TDT2004 canceled the task of news story segmentation because most instances of practical application were easily separable. Meanwhile, two new tasks, supervised adaptive topic tracking and hierarchical topic detection, were added. The TDT conference was held for 7 consecutive years, with the last one being TDT2004. The TDT corpus is still open to the public, and researchers can obtain the TDT tasks and corpus through the website of the Linguistic Data Consortium² (LDC).

In recent years, social media platforms, such as Twitter, Facebook, Weibo, and WeChat, have developed into important channels for discussions on current affairs, information exchanges, and the expression of opinions. A large number of users participate in discussions of events, persons, products, and other content on these platforms and generate a large amount of text data, which becomes a mirror reflecting society. The research on TDT in social media has even more important practical significance. However, at the same time, texts on social media platforms raise new problems and challenges to TDT research because of their properties, such as short contexts, rich forms, dynamic topics, massive volumes, and a large number of nonstandard language phenomena.

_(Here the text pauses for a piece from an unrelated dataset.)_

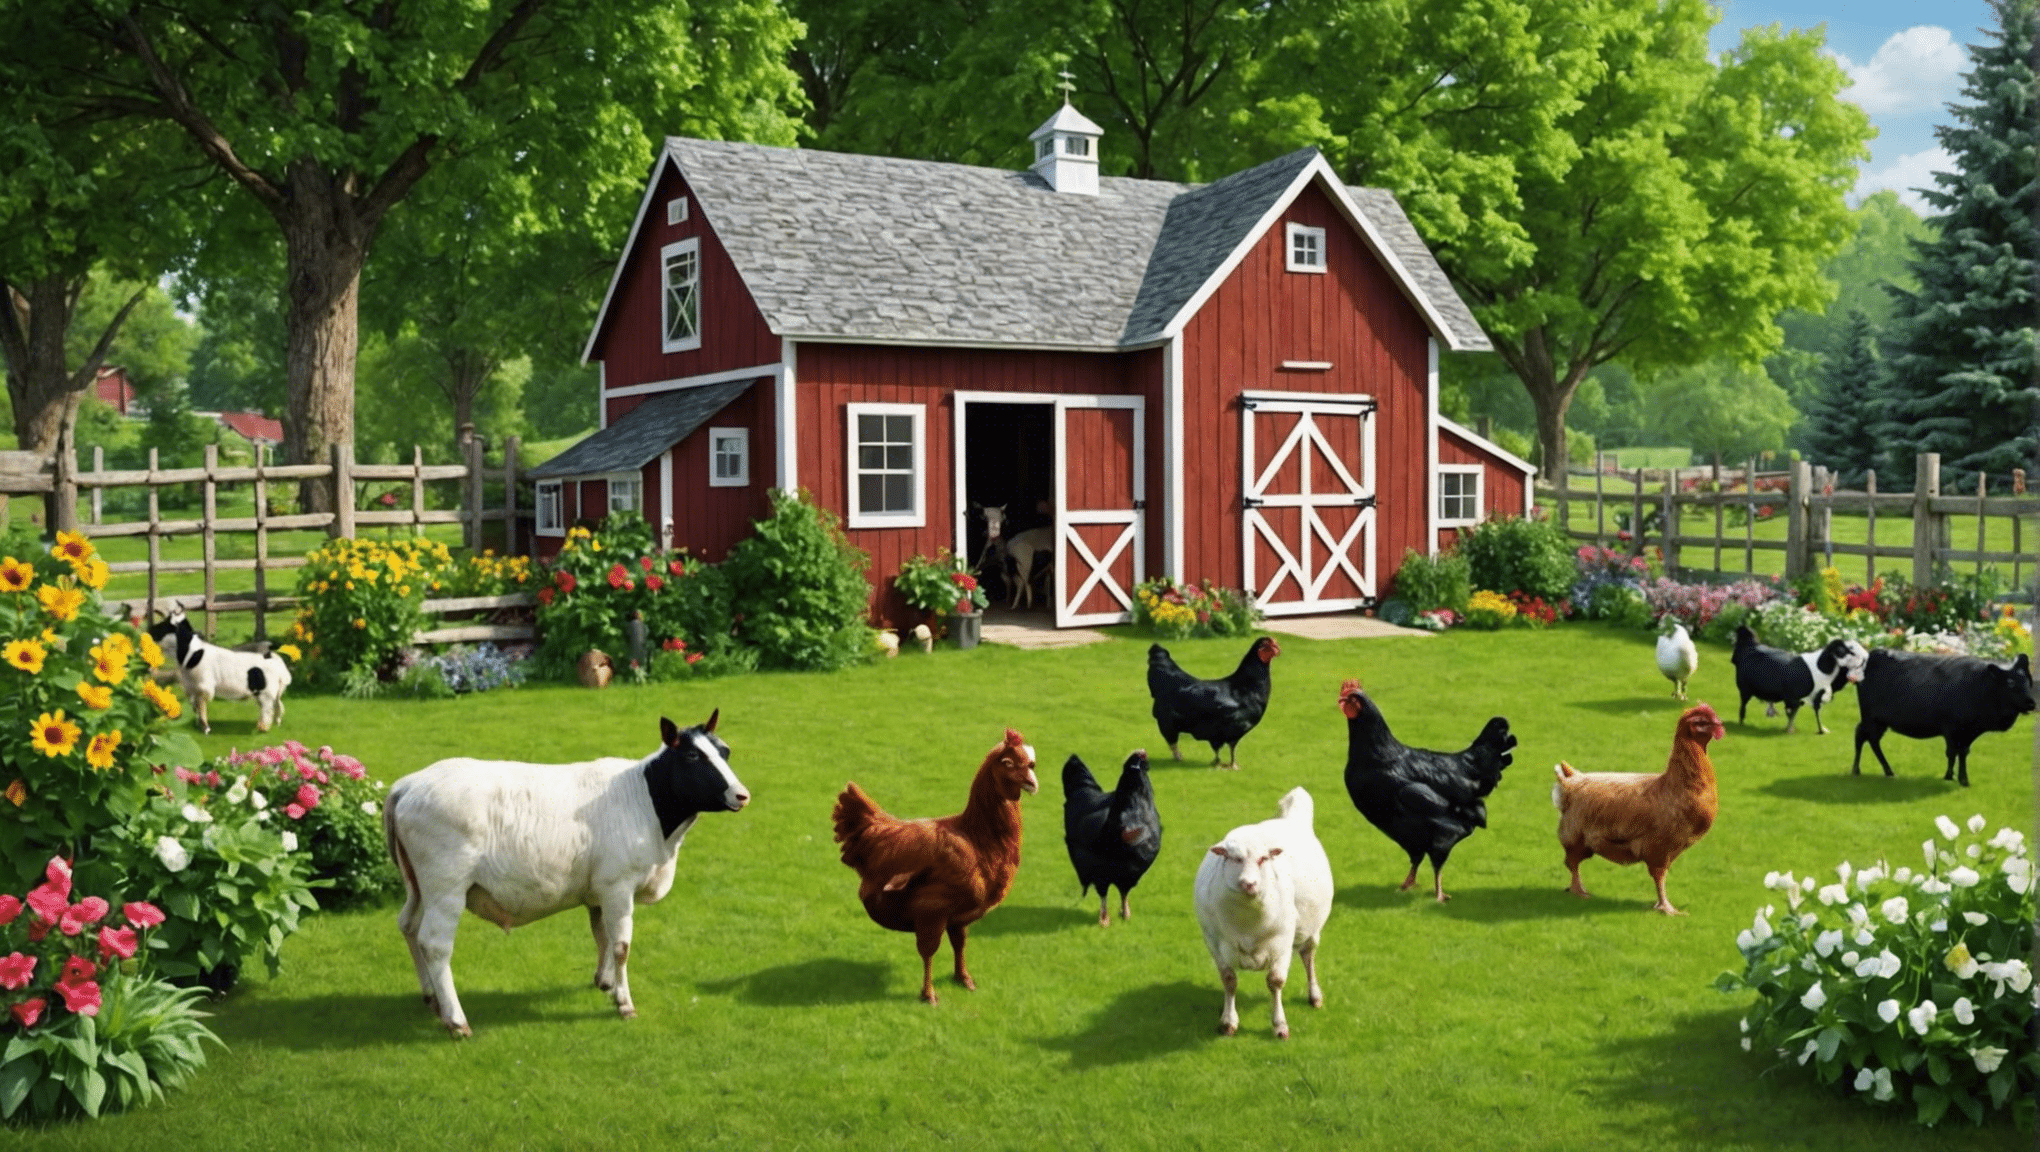 גלה את היתרונות של בעלי חיות משק בחצר האחורית עבור הבית והמשפחה שלך. למד על גידול, טיפול והנאה מחיות משק בחצר האחורית שלך.

Allan (2012) and Yu et al. (2007) summarized the studies of traditional TDT. In the following sections, we first introduce the terminologies and tasks in TDT and then review the traditional technologies considering four aspects: text representation, text similarity, topic detection, and topic tracking. Finally, following the extension from traditional media to social media, we introduce the research of TDT in social media.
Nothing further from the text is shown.